Женщина окаменела от неожиданности. Вокруг поднялся хохот.

– Что ж это делается? – наконец вырвалось из груди Василины.

– То делается, что я тебе во все агитмассовые вечера до первых петухов втолковывал. Поняла теперь, что такое советская власть? – гордо объясняет Юстин, наконец победивший жену в нелегкой дискуссии.

– Так, так, – словно спросонок говорит Василина, и вдруг в глаза ее заползает страх. – Юстин, а может, это не зерно, а агитация?

– Есть у тебя, старуха, что-нибудь вот тут? – Рымарь постучал пальцем по лбу.

Но и этот красноречивый жест не успокоил женщину. Поправив платок, она метнулась в чулан, заперла его на замок, сунула ключ за пазуху и выбежала на улицу. Тут ее голова завертелась во все стороны, а глаза раскрывались от удивления все шире и шире, она готова была и плакать и смеяться.

По всему селу растекались подводы, нагруженные мешками. Ездовые, придерживая груз, выступали, как женихи, останавливались у ворот и обнимались с веселыми хозяевами.

Гуцулы, гуцулки и гуцулята встречали праздник своего нового труда, прислушиваясь к радостному говору села и звону зерна.

Вот посреди двора растерянно стоит Савва Сайнюк.
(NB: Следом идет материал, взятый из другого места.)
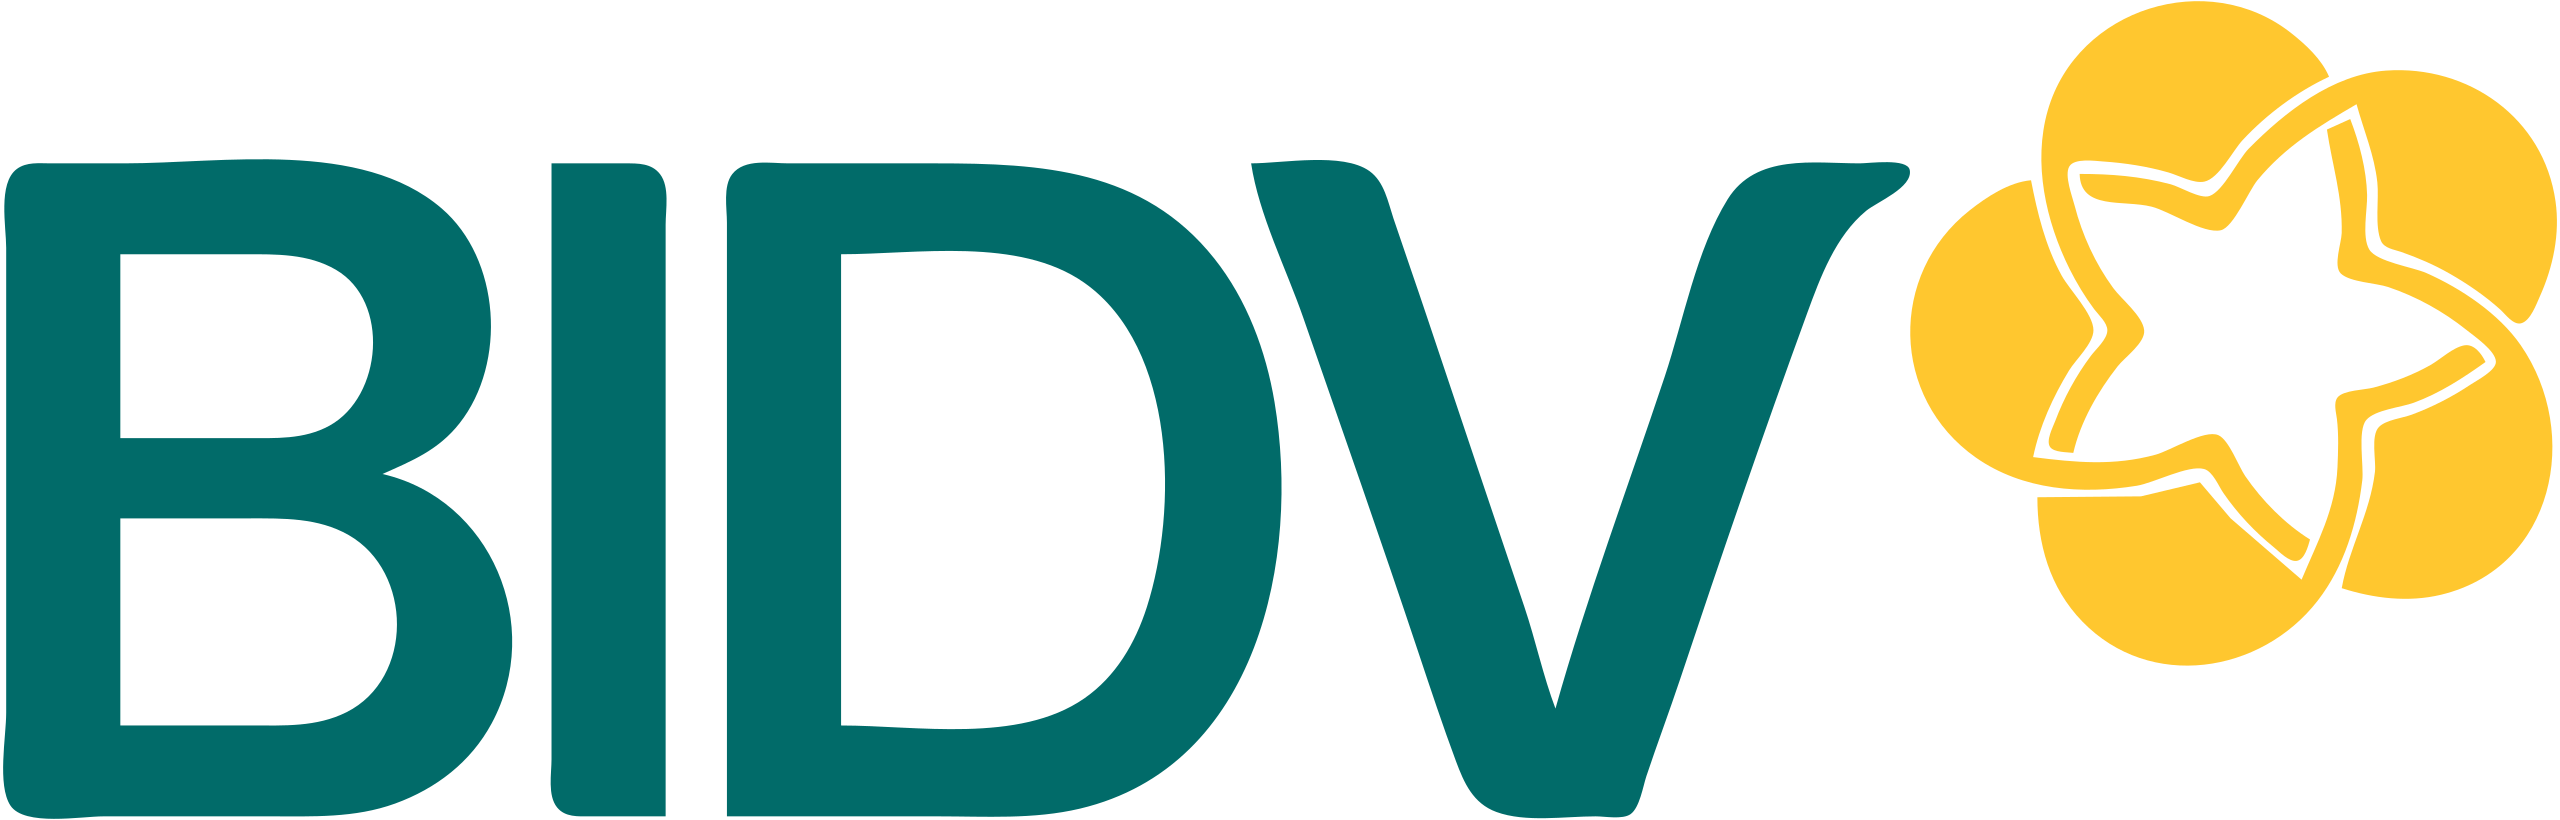 Logo_BIDV.svg
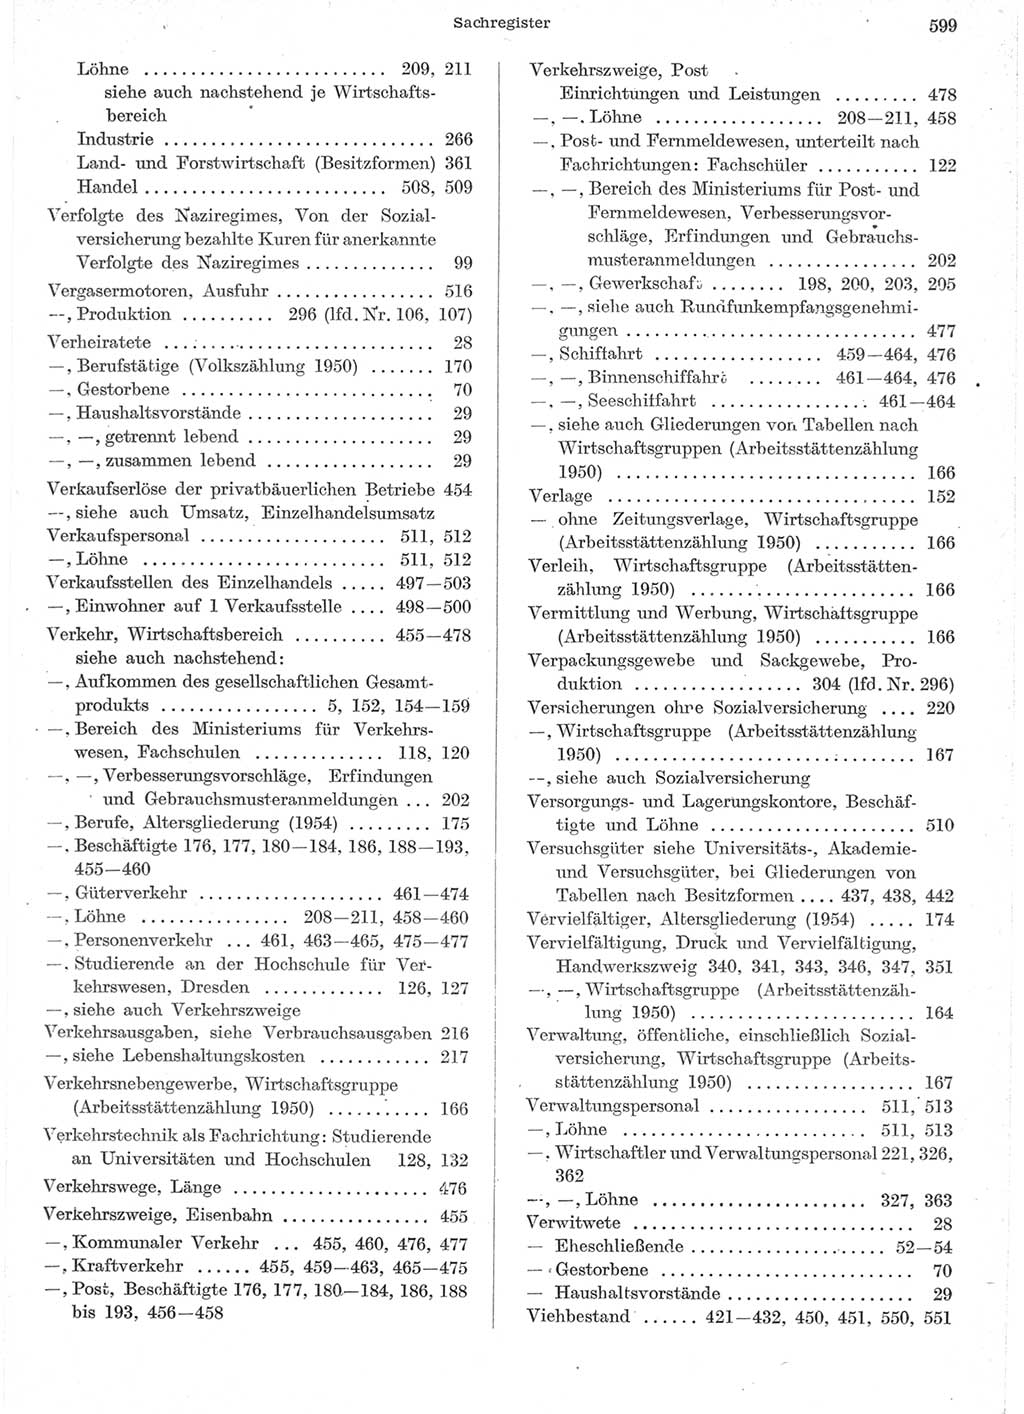 Statistisches Jahrbuch der Deutschen Demokratischen Republik (DDR) 1957, Seite 599 (Stat. Jb. DDR 1957, S. 599)

– Никогда еще моя хата не видала столько хлеба. Куда же я его сложу? На чердаке тесно.

– Новые заботы! – смеются ездовые. Они весело залезают на чердак, и он поскрипывает, прогибается под их ногами. – И впрямь нельзя сюда хлеб засыпать, – хмурятся парни. – Что делать?

– А вы, детки, снесите его в хату, что же делать человеку?

Гуцулы засмеялись, схватили первый мешок, и зерно обрызгало золотом все сени.

– Не посыпáли[26]26
  По старинному обычаю, на новый год в домах посыпают хозяев зерном, чтобы год был урожайным.


[Закрыть]
еще у вас так, дедушка?

– Не посыпáли, – глаза старика подернулись влагой.

Застыв у дверей, он с недоверием наблюдает, как его хата по самые окна заполняется зерном. Может, это сон? Проведешь рукой по лбу – и развеется, как туман: по долине.

А когда возчики уехали, старик еще раз осмотрел свое добро, снял старенькие, порыжевшие сапоги, вымыл натруженные ноги и сел на порог, задумчиво перебирая руками силу земли.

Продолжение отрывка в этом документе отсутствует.